Your instructions: Please give back exactly the line with "Overhead view of" and each line after it through the end of the material, leaving out the pictures.

Available data:
■ ■ ■

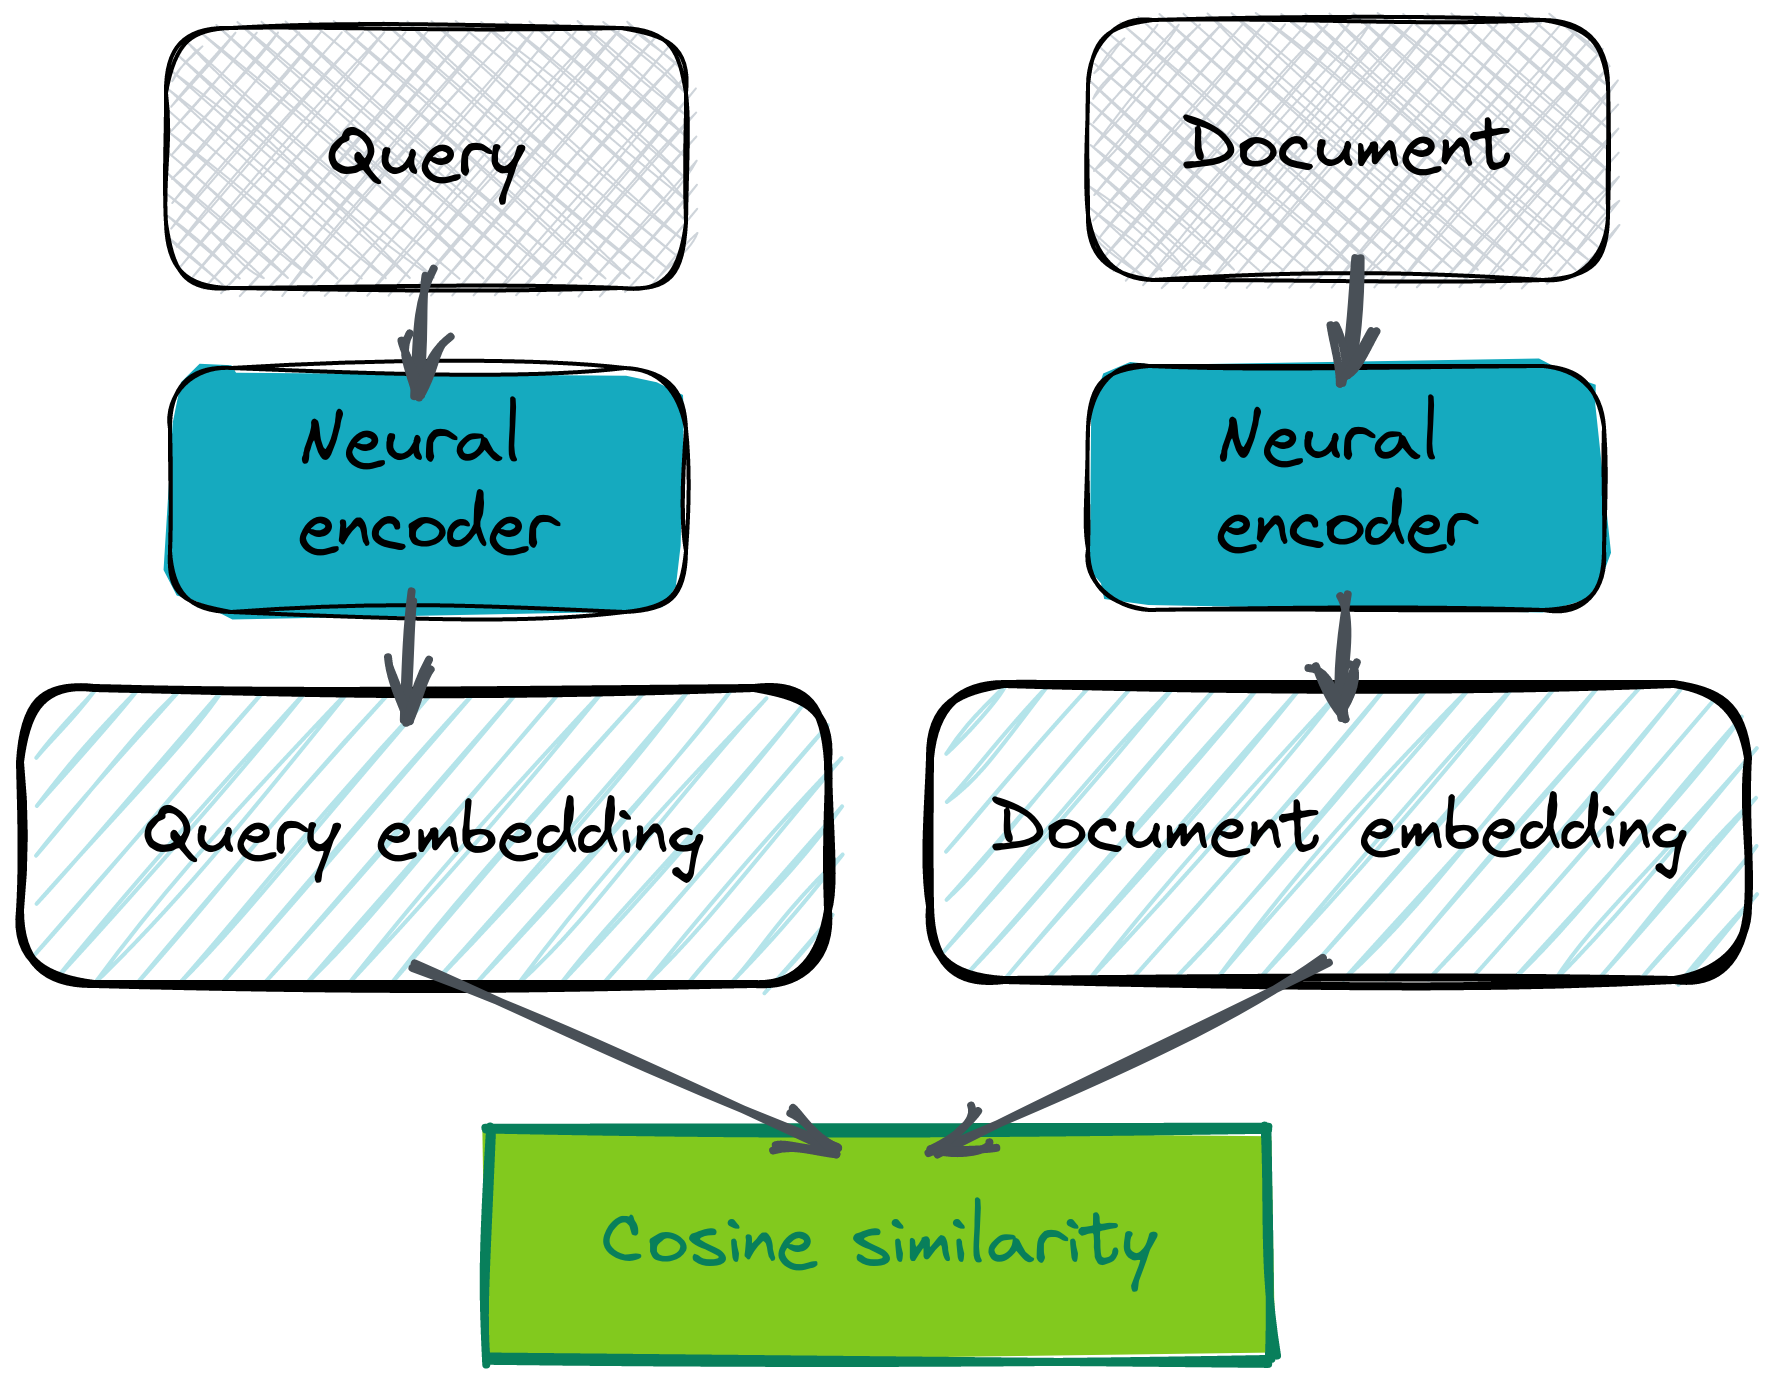 Bi-encoder structure. Both queries (questions) and documents (answers) are vectorized by the same neural encoder.Output embeddings are then compared by a chosen distance function, typically cosine similarity.
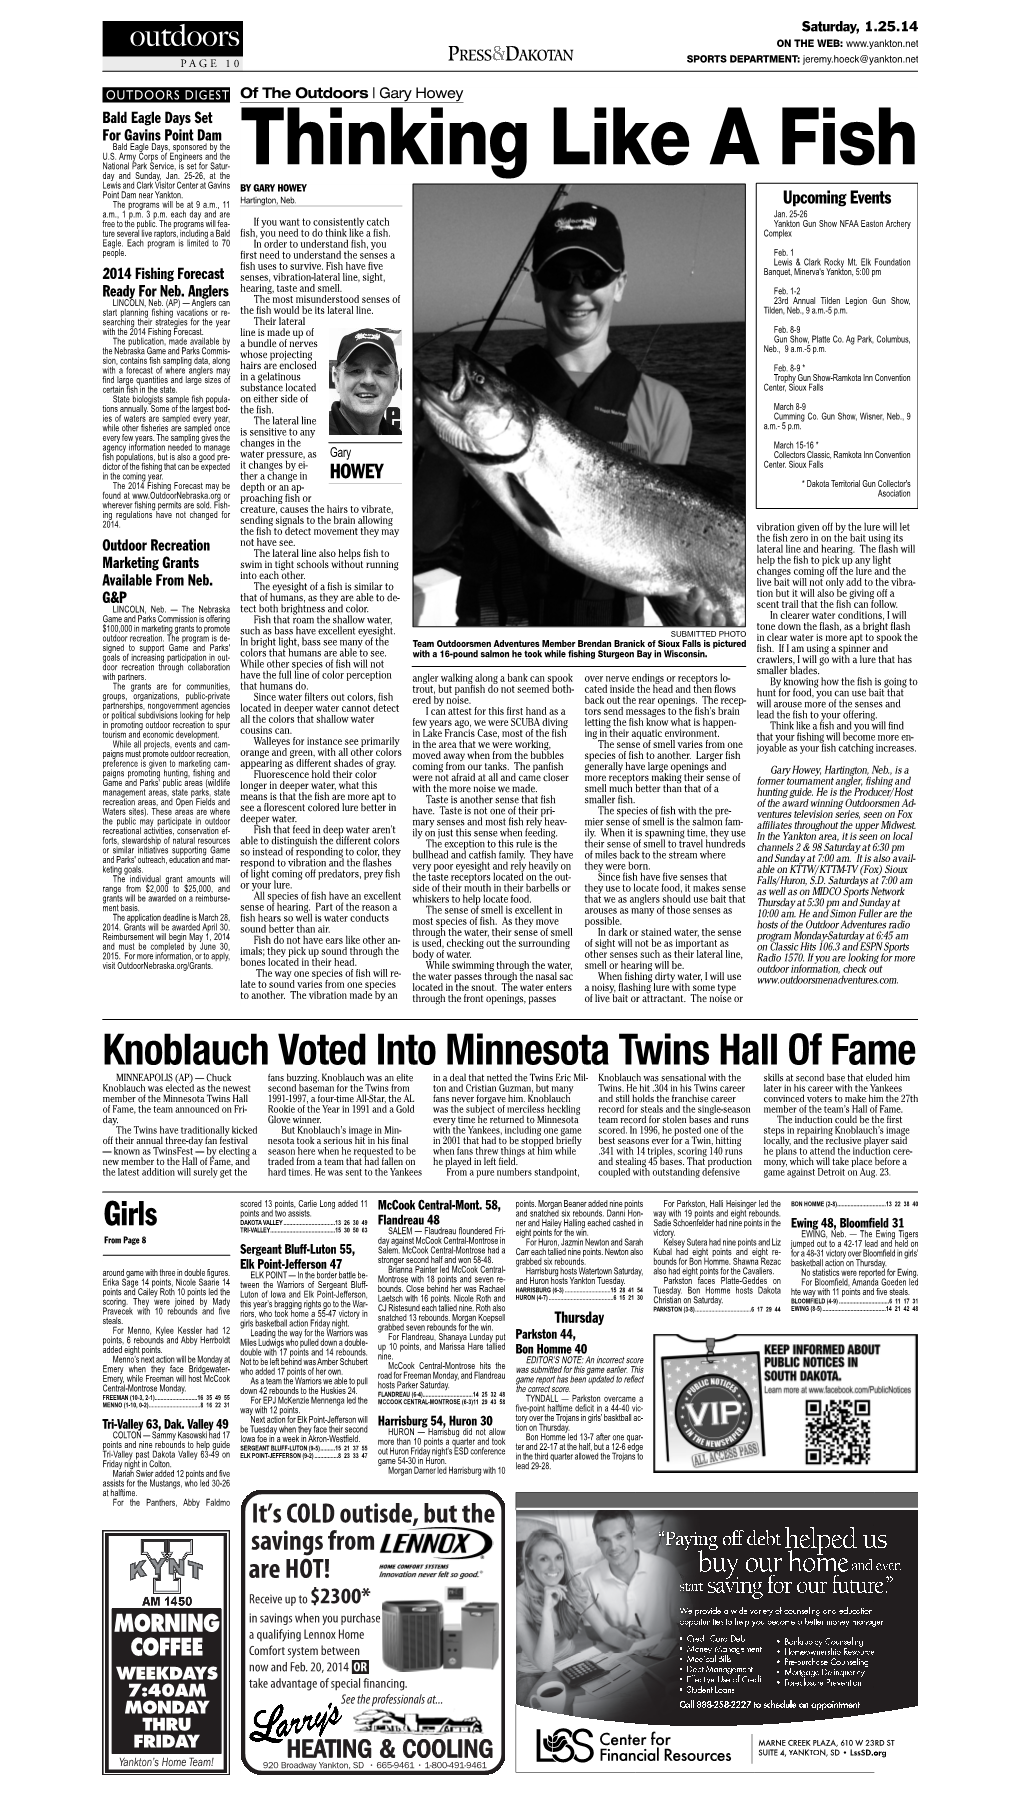 Knoblauch Voted Into Minnesota Twins Hall of Fame MINNEAPOLIS (AP) — Chuck Fans Buzzing
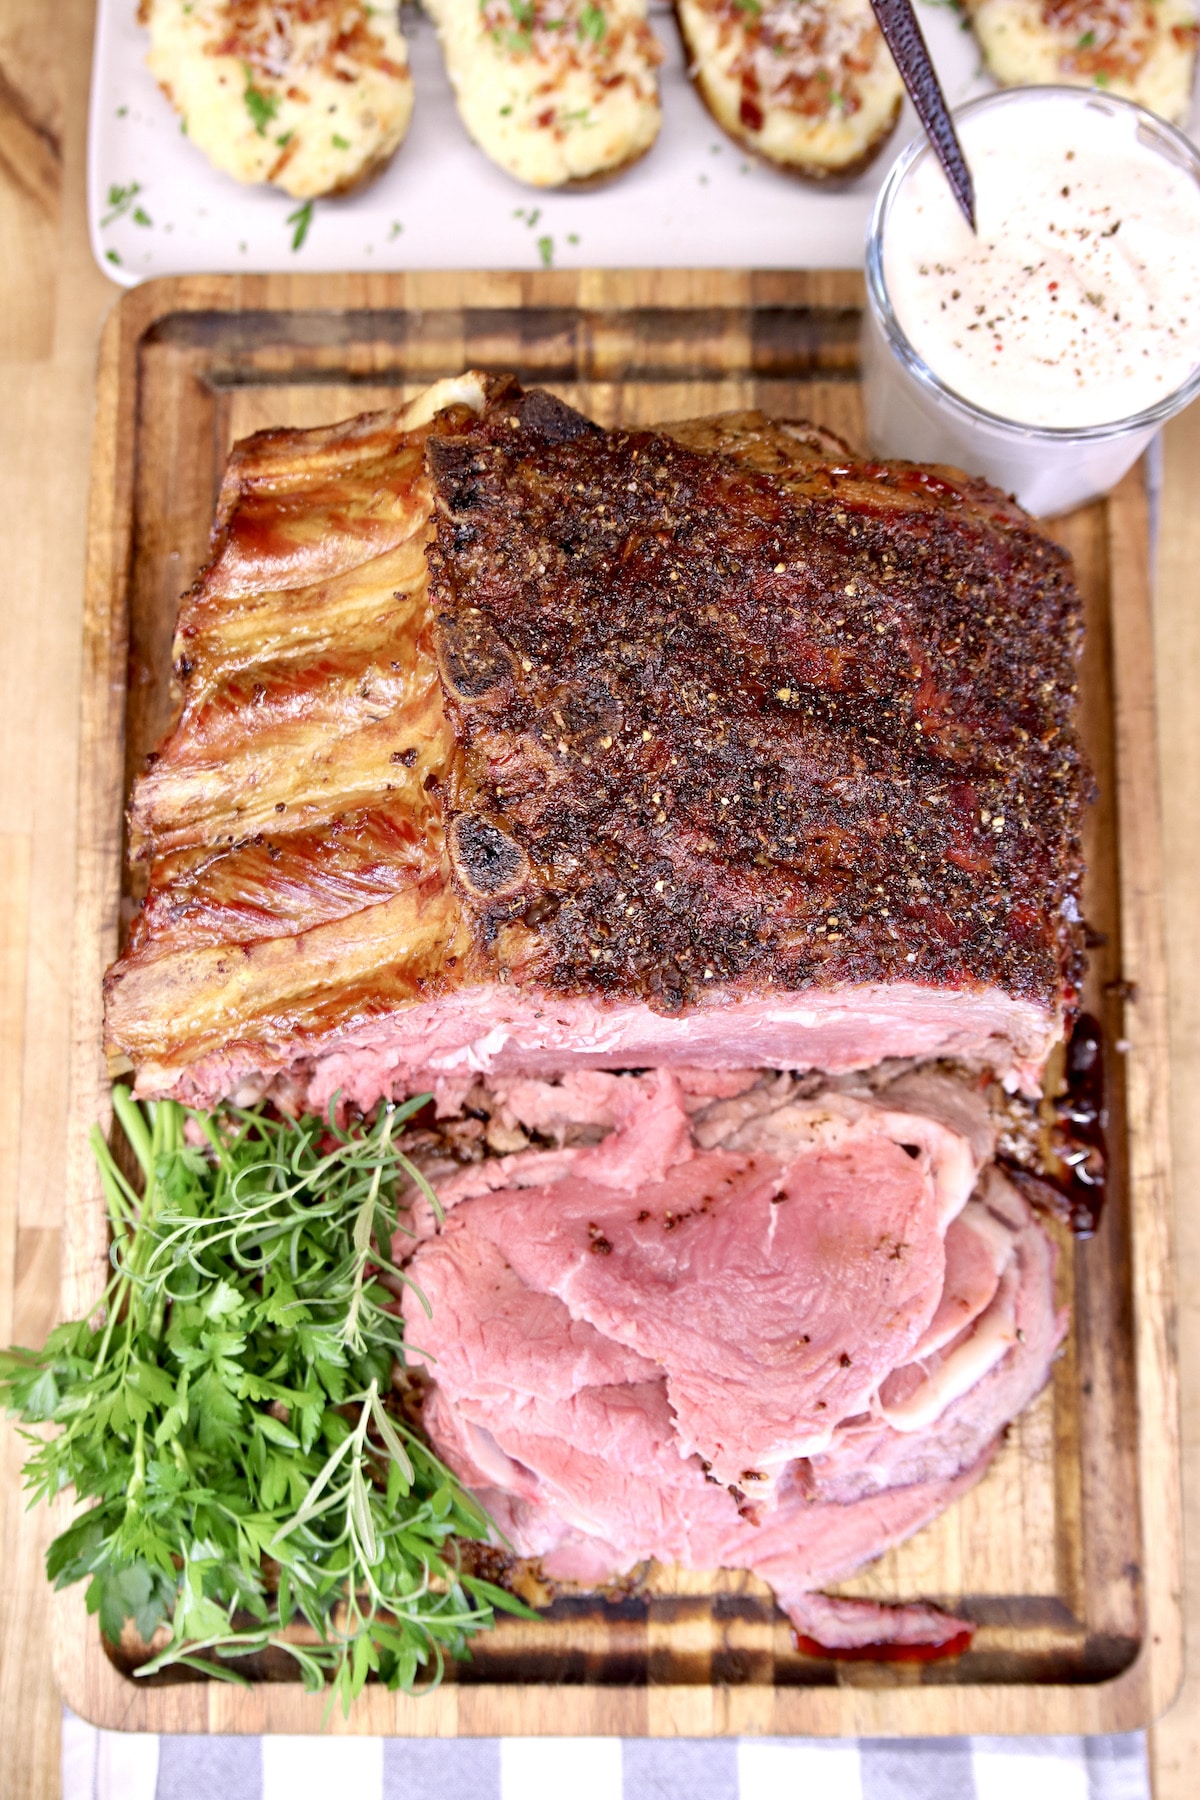 Overhead view of standing rib roast, partially sliced on cutting board.
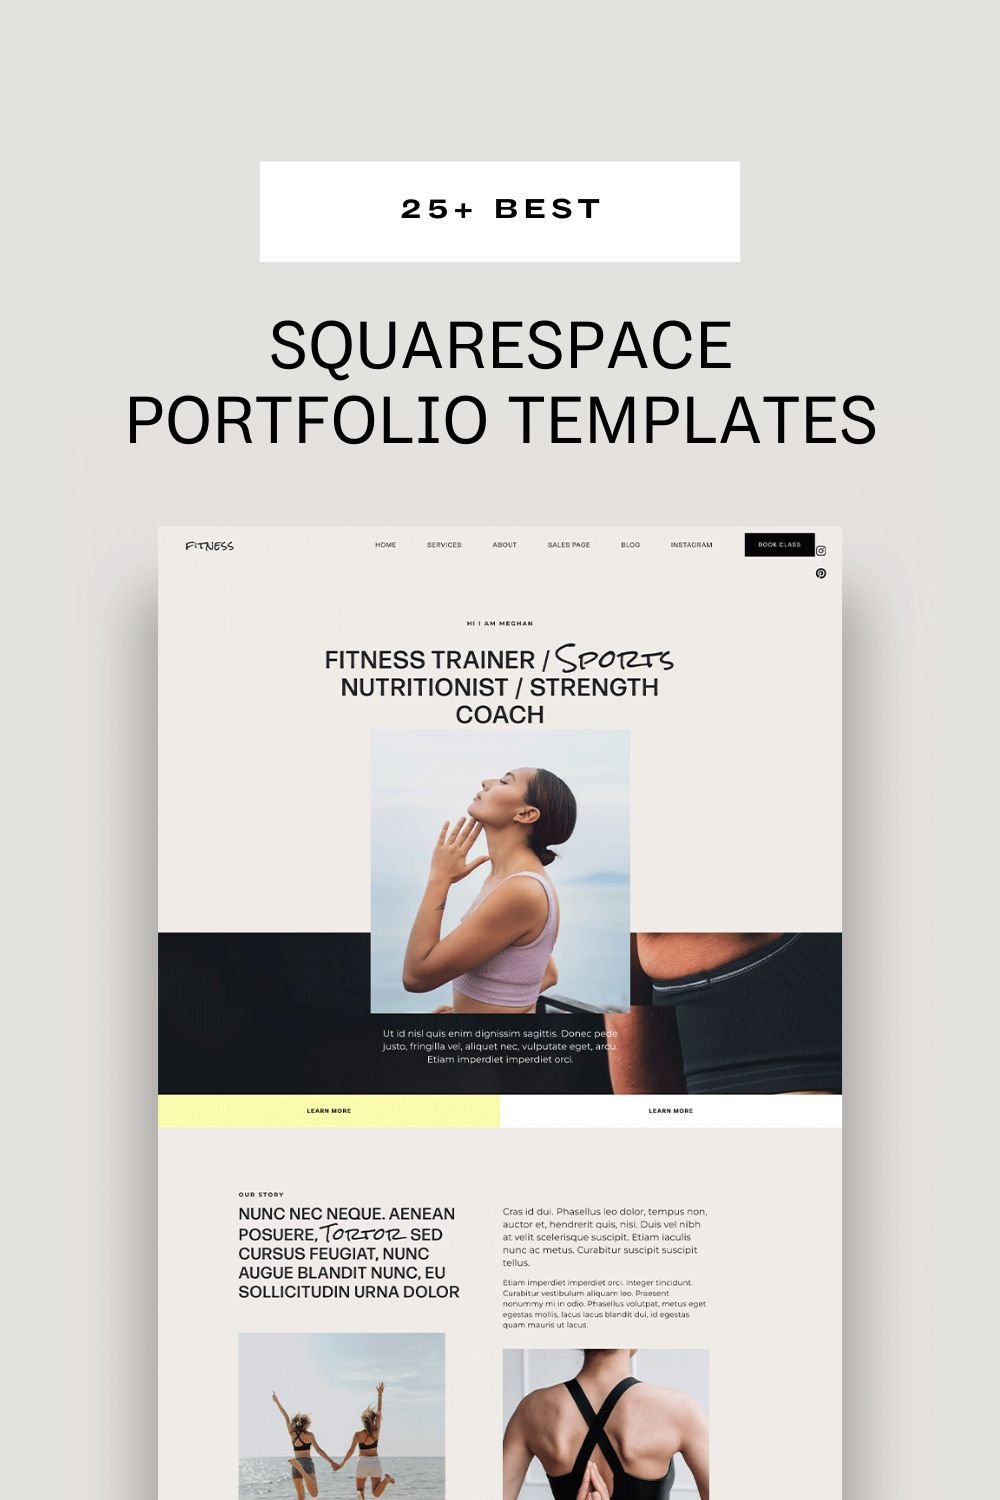 21+ Best Squarespace Portfolio Templates to Show Off Your Work

■ ■ ■

Answer below:
 Overhead view of standing rib roast, partially sliced on cutting board.
 21+ Best Squarespace Portfolio Templates to Show Off Your Work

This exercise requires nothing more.